Für mich persönlich hat es in den 1970er Jahren – in der Rückschau – entscheidende Weichenstellungen gegeben. Für letzteres war beispielsweise ein besonderes Erlebnis bedeutsam, nämlich in der Studienzeit ein Seminar der Konrad-Adenauer-Stiftung in Berlin. Auf einer Aussichtsplattform am Brandenburger Tor habe ich die deutsche Teilung quasi gespürt. Ein Tagesbesuch in Ost-Berlin gehörte auch dazu. Die schlechte Luft dort – geheizt wurde mit Braunkohle und der Trabi mit Zweitaktmotor hatte einen sehr hohen Abgasausstoß – und die bedrückende Atmosphäre sind mir lange in Erinnerung geblieben und haben sehr zu meiner politischen Sozialisation und Orientierung beigetragen.

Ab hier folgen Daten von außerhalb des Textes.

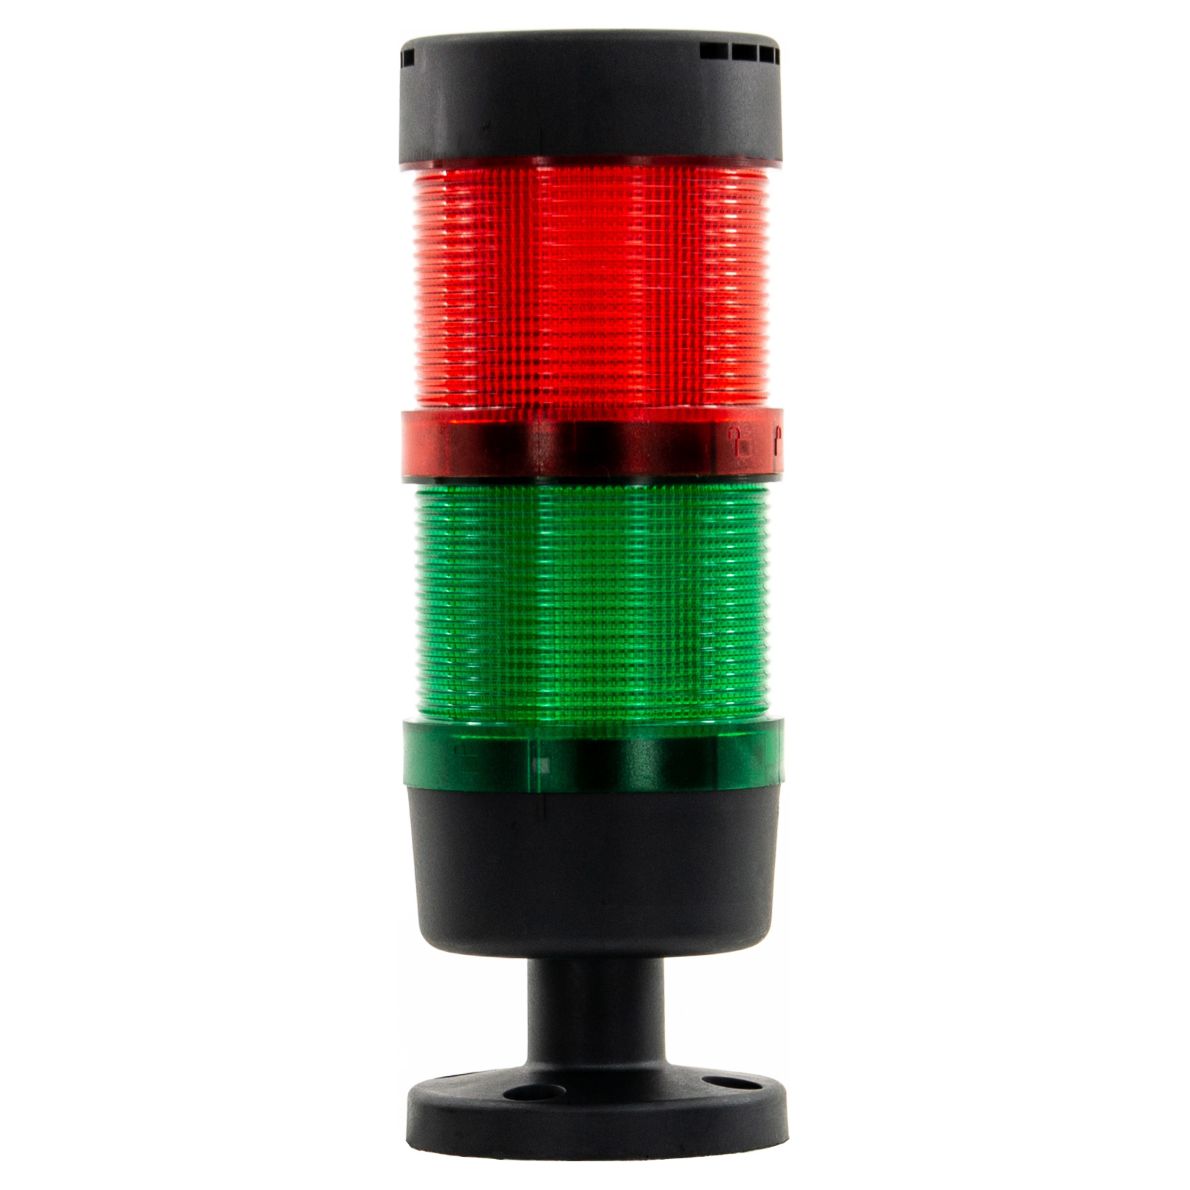 Dauerlicht Signalsäule, Alarmkombination mit 90-dB-Hupe + Signalleuchte, 24 V DC - Grün-Rot

Insgesamt haben mich die Jahre zwischen 1970 und 1980, von der Weltanschauung über die Musik und die Mode bis hin zu Schule und Studium, wohl mehr als jedes andere Jahrzehnt geprägt.

 

P.S.: Das ZDF hat 2022 eine vierteilige Miniserie produziert, in der mehr oder weniger bekannte Zeitzeugen und Beobachter ihre Erinnerungen und Einschätzungen über die 1970er Jahre schildern. Politik, Gesellschaft und Kultur in West- wie in Ostdeutschland werden unter dem Motto „Jahrzehnt der Gegensätze“ kommentiert und eingeordnet. Viele meiner Themen tauchen darin auf. Meine Einordnung der „Geschehnisse von damals“, mit „Hippie-Style und Discofieber, Frauenpower und Protesten, Krisen und dem Terror der RAF“ ist eine andere, aber es ist eben eine sehr subjektive Erinnerung.